However it is important not to confuse an effect with its cause. Why should a keyword in the URL have a +ve effect on SERPS? Is it that Google puts a lot of weight on the domain and weight on the rest of the URL? Or is it that most people are lazy when linking to websites and just use the URL as the anchor. The hyphenated version as the anchor give an IBL boost?

Almost certainly a combination of the two.

Okay and now some science:

taken from the Expression Engine forums:-

[quote]> Derek Jones - 23 August 2006 04:03 PM

> the "Favour dashes rather than underscores as some search engines don't recognise these as word seperators" is a myth.

Actually Derek it is a myth that it is a myth and I suggest you try it.

Google, as an example of one search engine, sees underscores as underscores. Try the search with spaces, dashes and underscores and you will see markedly different results.

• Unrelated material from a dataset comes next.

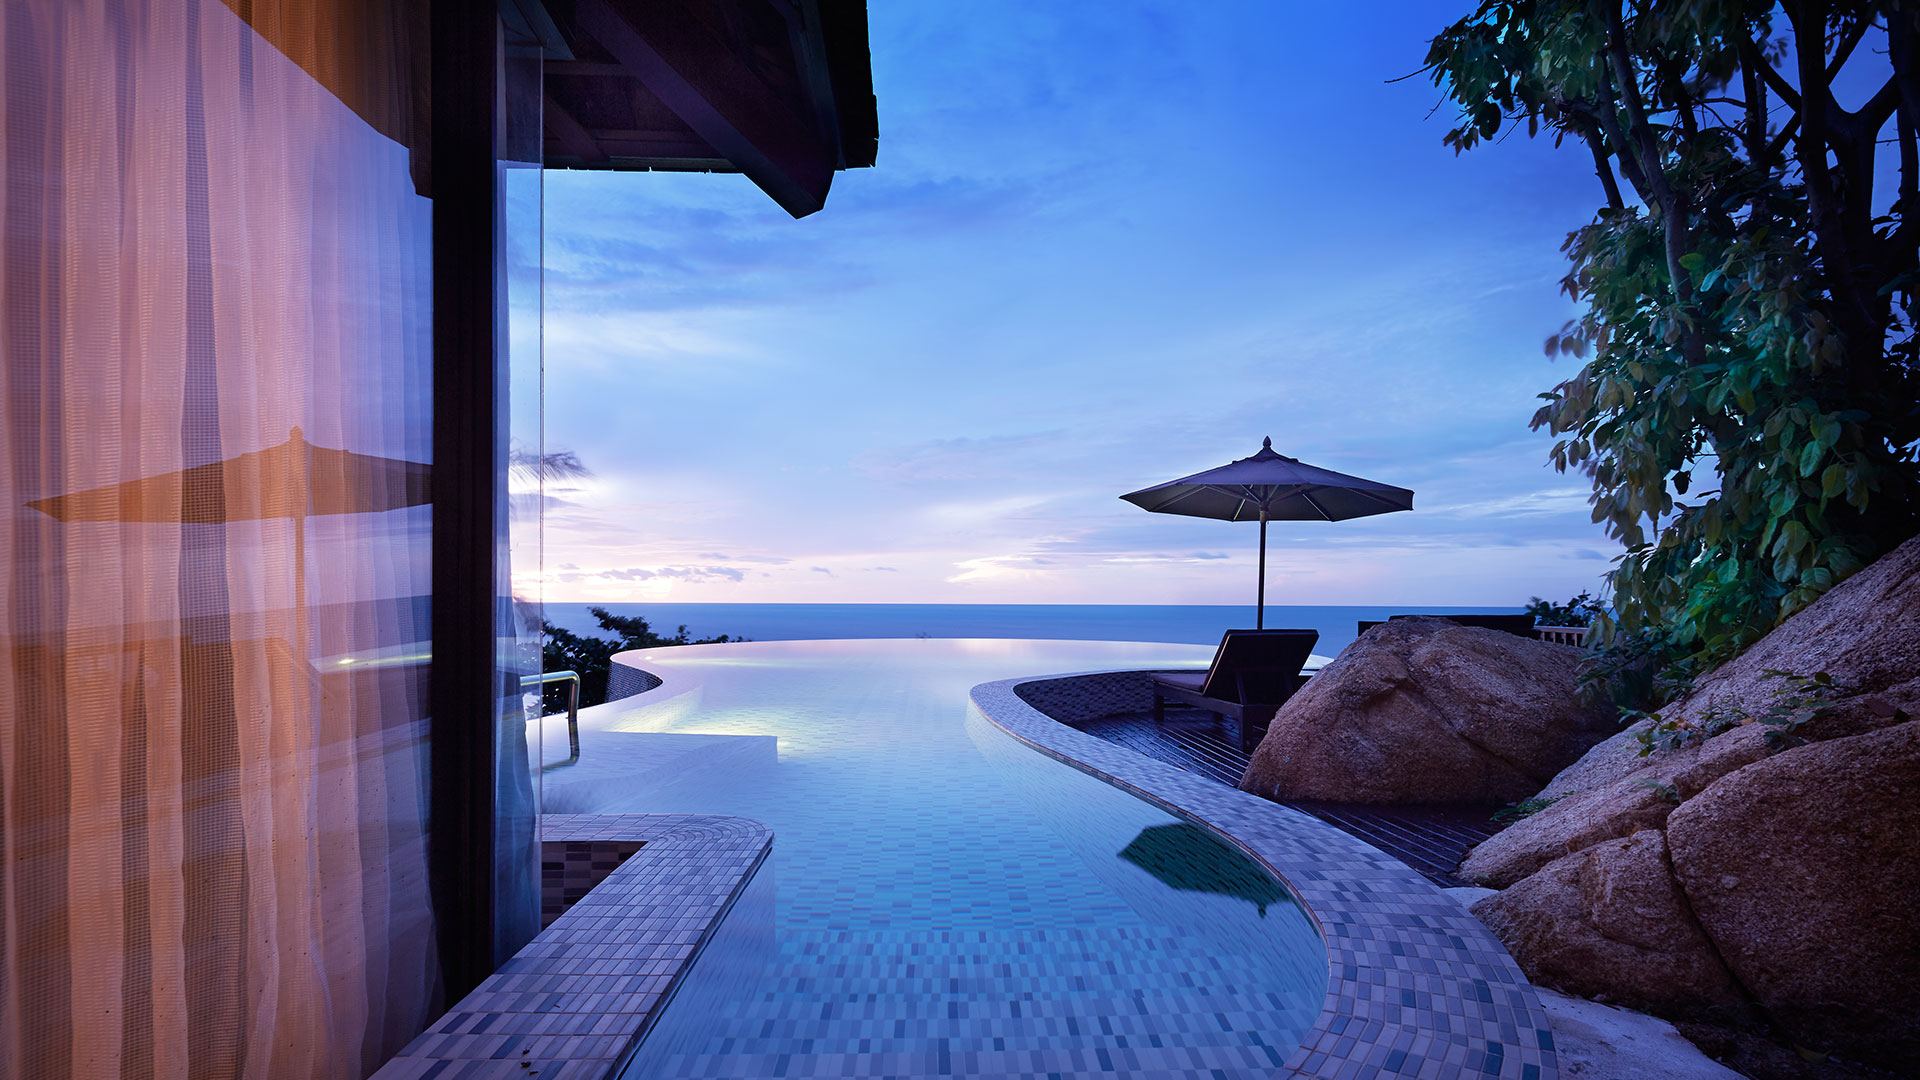 Silavadee Pool Spa Resort, Koh Samui. 
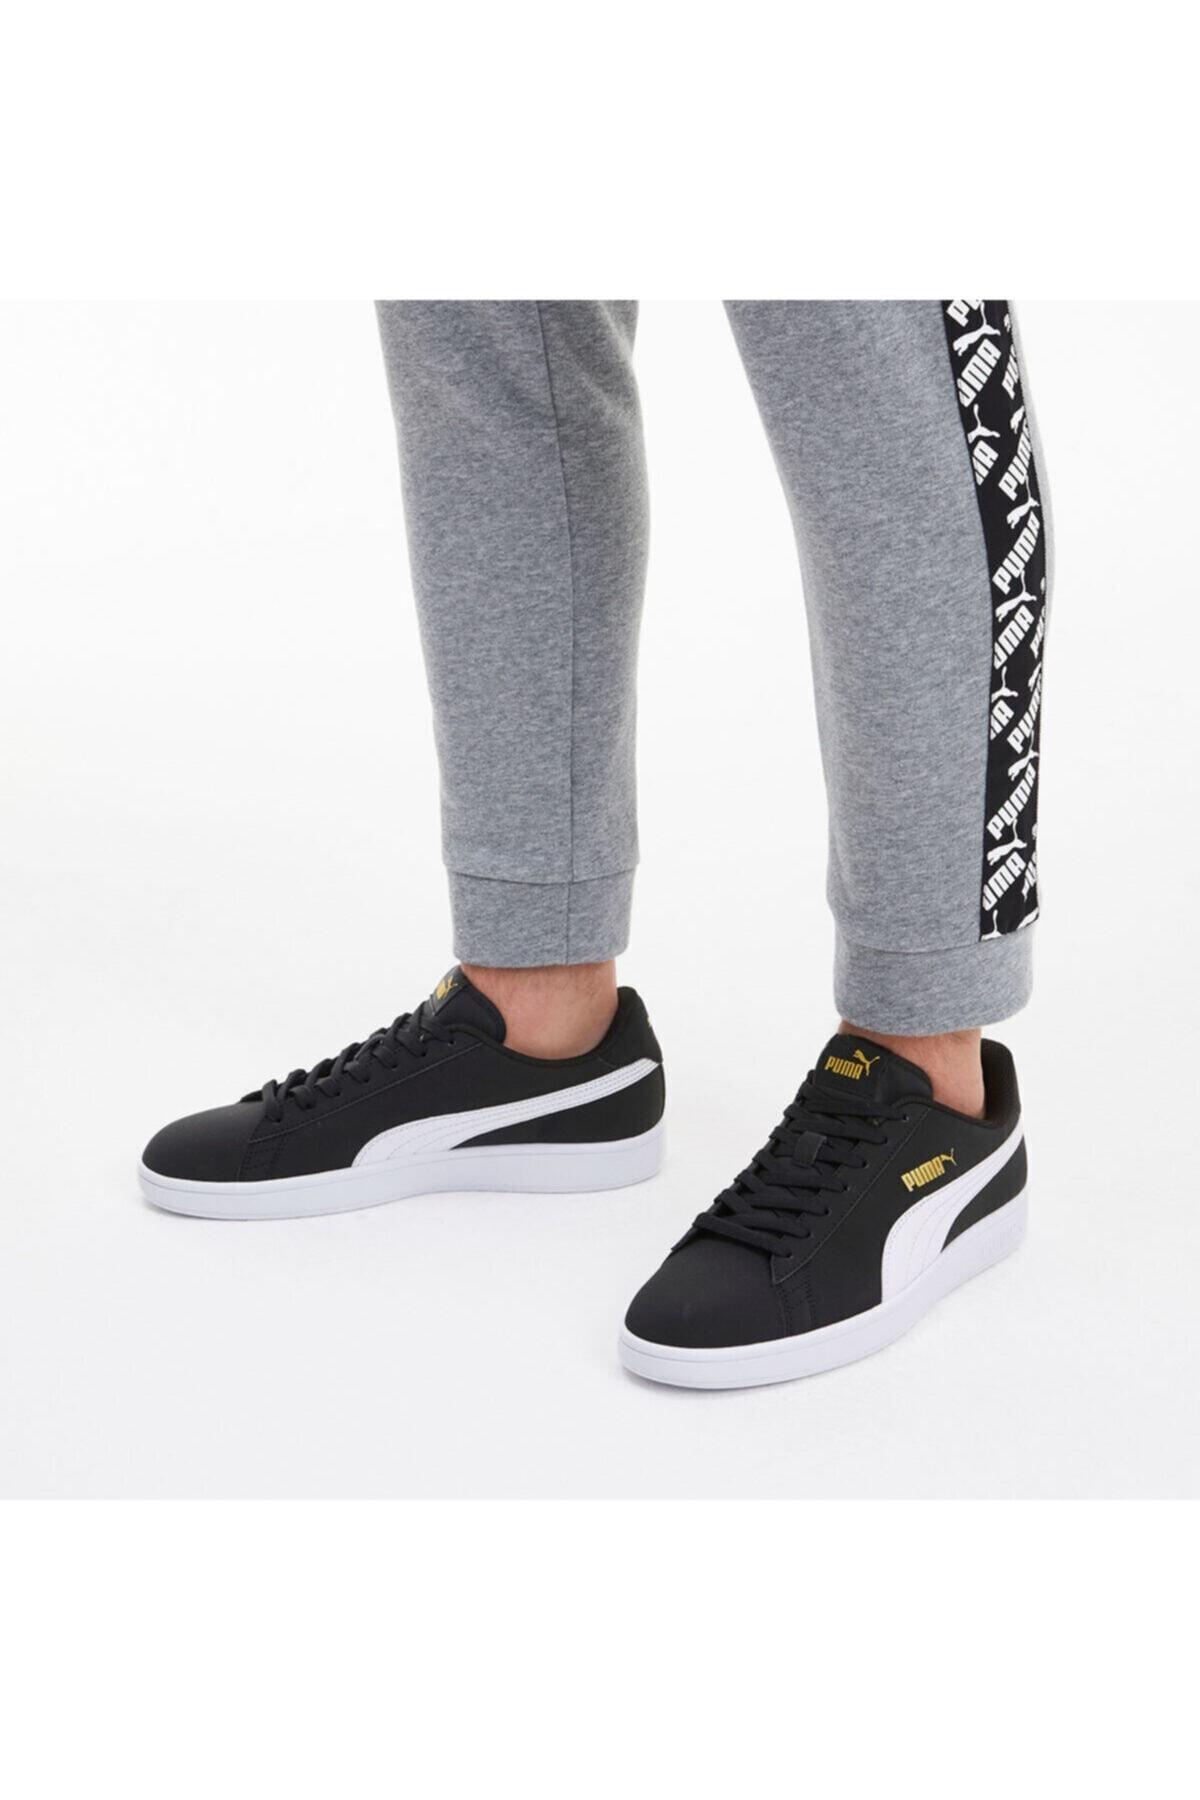 Smash Buck - Unisex Siyah Sneaker Spor Ayakkabı

Then find an Expression Engine site that uses "_" as the separator for URLS. Use Googles allinurl: directive to just search on what part of the URL Google has indexed, that way you avoid confusion for obscure search terms where H1 or even body text has enough weight to figure in results for example:

allinurl:<space separated keywords> - returns nothing

allinurl:<underscore separated keywords> - returns an EE site

That is because Google matches underscores to underscores. Try the same thing with a site using dashes as seperators:

allinurl:<space separated keywords>
allinurl:<dash separated keywords>

both searches match the page: <edited>

In fact with Google, putting dashes in the search term is the same as putting the phrase in quotes. At least as far as the URL is concerned. That means that the exact phrase must occur somewhere in the search term. So:

big-baby

would match

he-is-a-big-baby-boy

but would not match

the-baby-big-pram

This is actually not a bad thing from a SEO viewpoint as it makes our pages more specific to what is being searched for.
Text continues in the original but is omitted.